Uma série de erros na apresentação de dados nacionais tem marcado o governo de Jair Bolsonaro. Os equívocos são crescentes e apareceram nos resultados do Exame Nacional do Ensino Médio (Enem), na suspeita de fraude no Bolsa Família, na apuração da balança comercial e até em dados cuja divulgação era exigida pelo Tribunal de Contas da União (TCU). As consequências não se restringem à obrigação de fazer as devidas correções publicamente.
Os "fake numbers" - termo cunhado pelo colunista do Estado Pedro Fernando Nery em uma coluna sobre dados de desigualdade social - já comprometem a confiança nos dados oficiais do governo. Divulgar informações incorretas prejudica a reputação, gera desconfianças, compromete as análises das políticas públicas e econômicas e afeta o cotidiano dos brasileiros.
Segundo o governo, as falhas citadas pelo Estado foram humanas ou técnicas, mas sempre pontuais, e em hipótese alguma fruto de má-fé das equipes. Para o Ministério da Economia, os erros não chegam a afetar a credibilidade dos dados oficial.

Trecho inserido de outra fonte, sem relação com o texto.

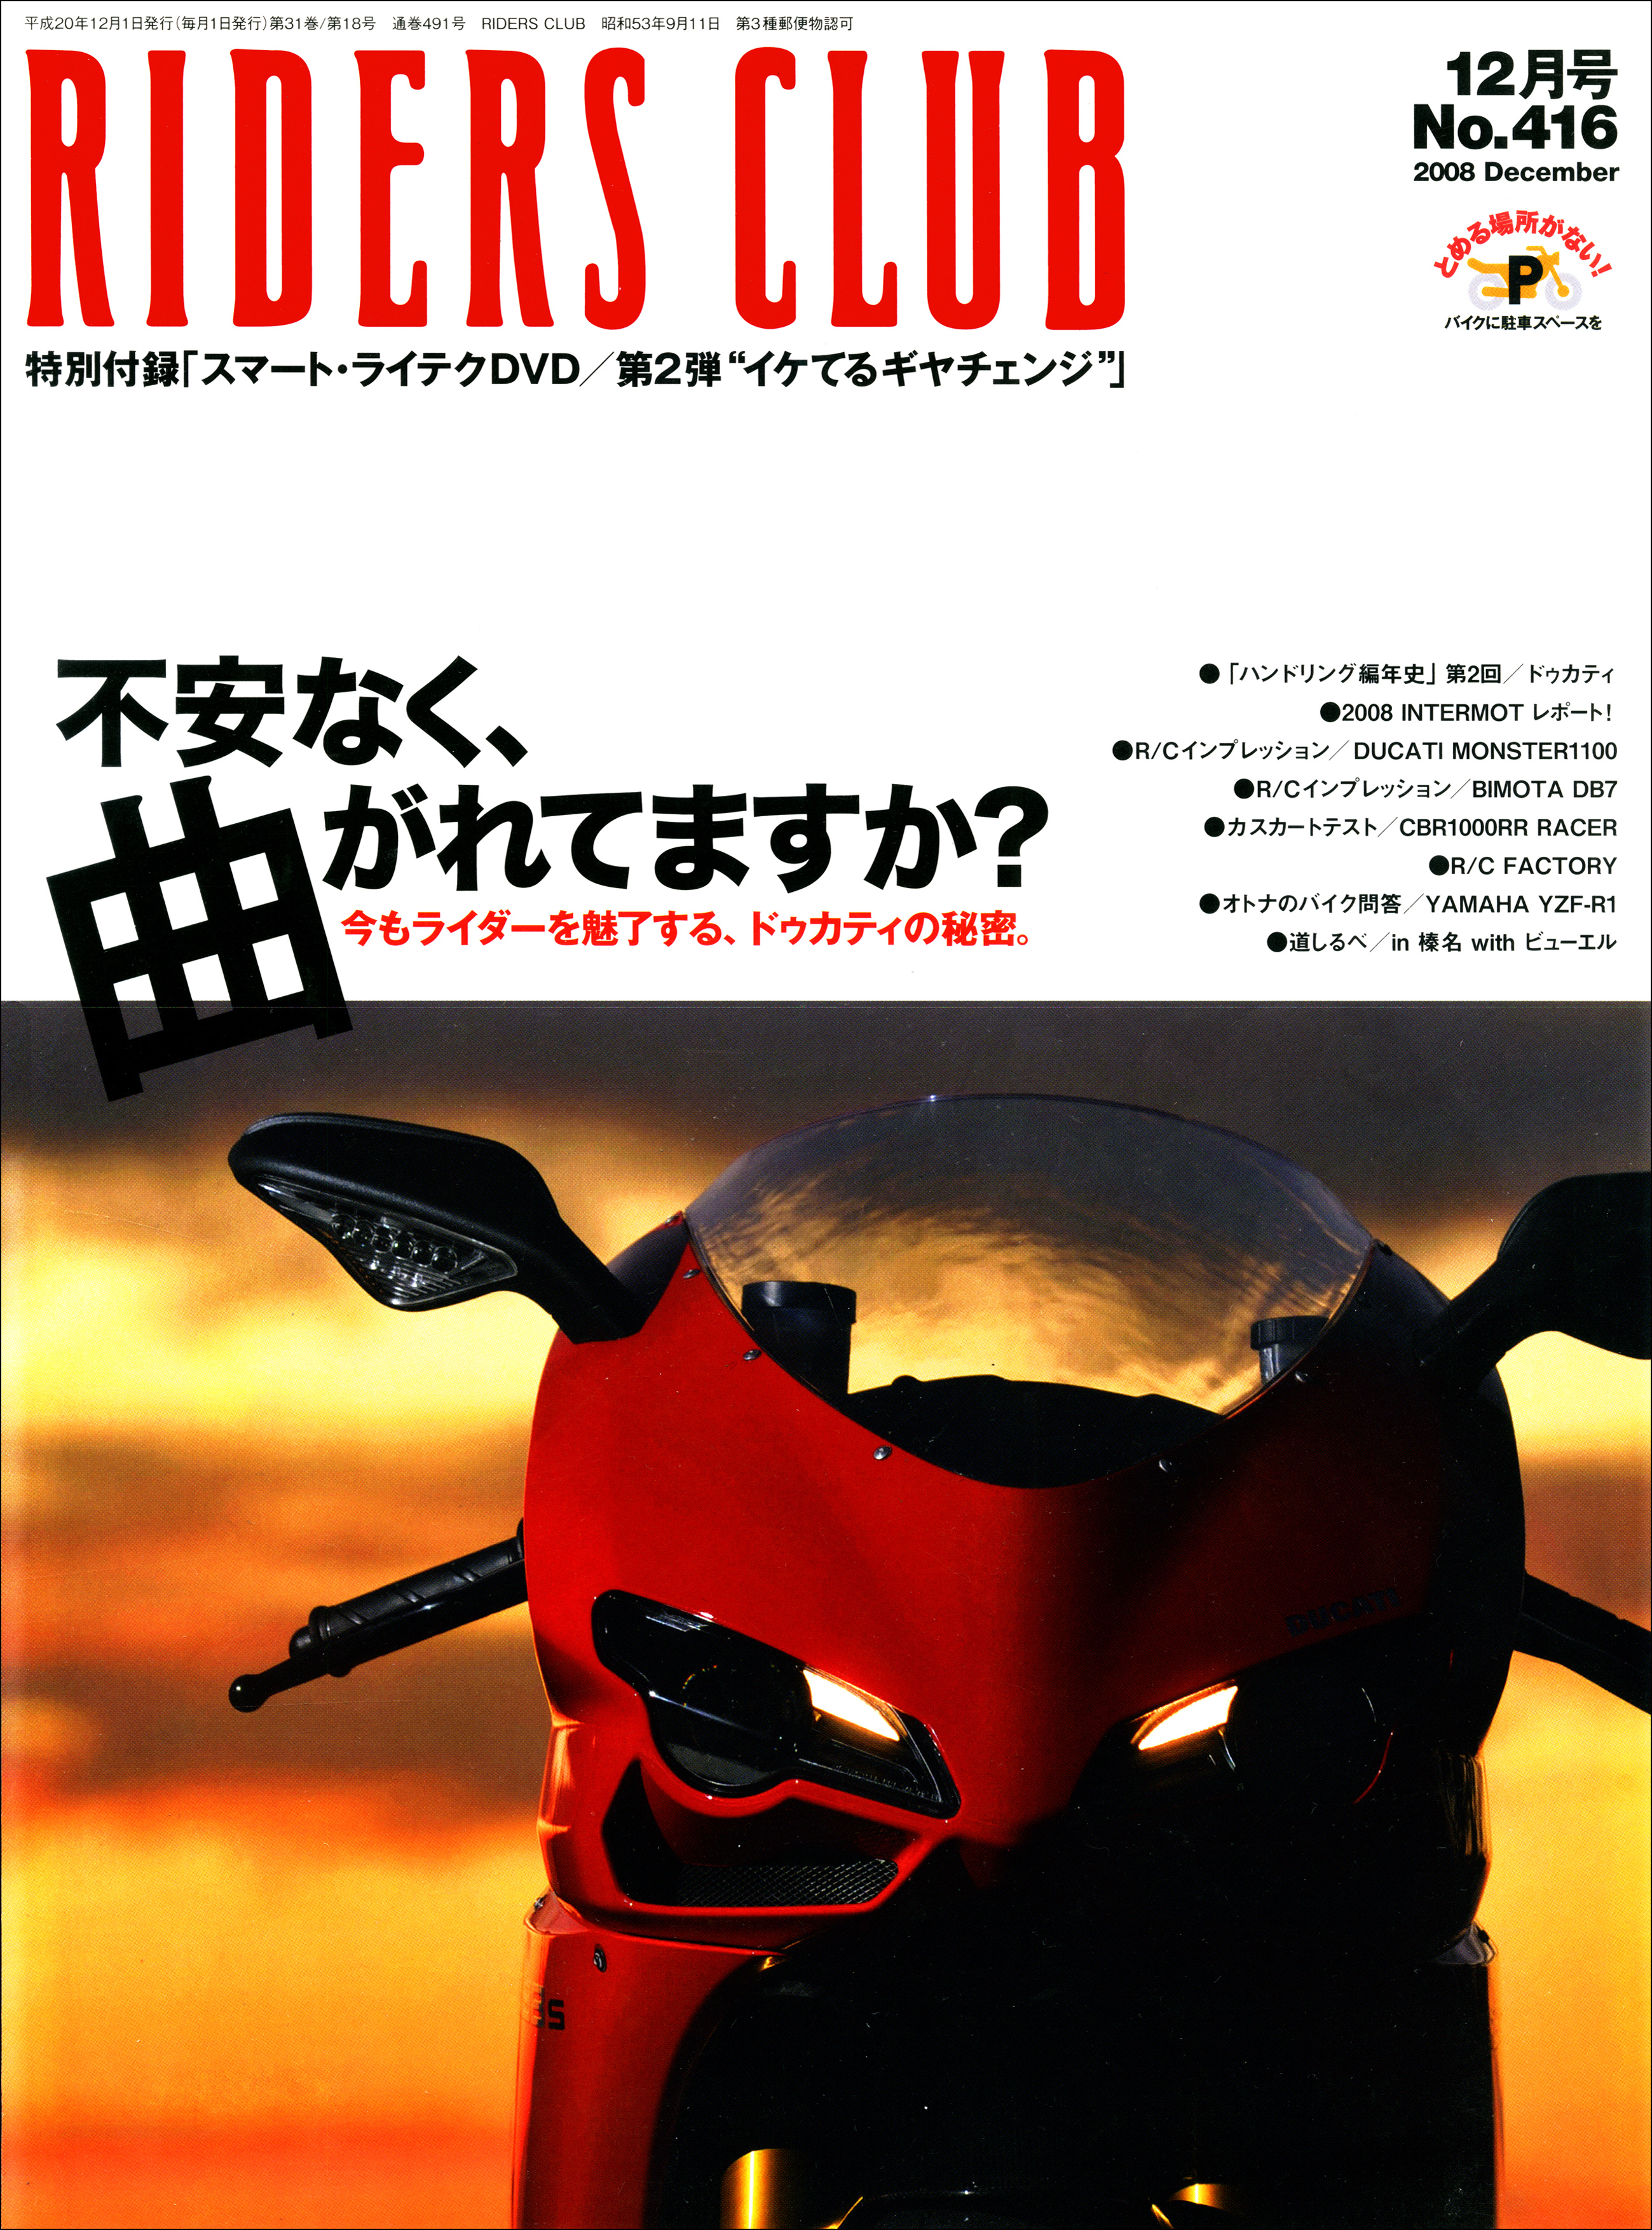 RIDERS CLUB 2008年12月号 No.416 - ライダースクラブ編集部 - 雑誌

Nos bastidores, porém, as inconsistências geram incômodos e fazem com que alguns técnicos passem a trabalhar com radares ligados para detectar possíveis “sabotagens” internas, na véspera do envio da proposta de reforma administrativa. O próprio presidente Jair Bolsonaro usou o termo ao se referir ao problema com o Enem, na terça-feira, 28. Os críticos, porém, alegam desmonte de pessoal e desvio de prioridades do governo Bolsonaro.
Para membros do TCU, as falhas recorrentes colocam em risco a transparência do governo e serão monitoradas com fiscalizações futuras.
Os escorregões apareceram em áreas distintas. Ainda que pontuais, os danos foram severos. O Ministério da Educação (MEC) primeiro chamou de “susto” os erros nos resultados de quase 6 mil participantes do Enem e culpou a gráfica que imprimiu as provas. O assunto foi parar na Justiça, e o que o pasta considerava o melhor exame de todos os tempos virou uma crise.
O governo precisou admitir um erro em auditoria da Controladoria-Geral da União (CGU) que apontou como beneficiário do Bolsa Família a família de servidor do governo do Distrito Federal com R$ 27 mil de renda per capita. A constatação original da CGU foi amplamente noticiada, mas a retificação não foi enviada aos veículos de imprensa. Uma nota com a admissão do erro foi publicada no site do órgão.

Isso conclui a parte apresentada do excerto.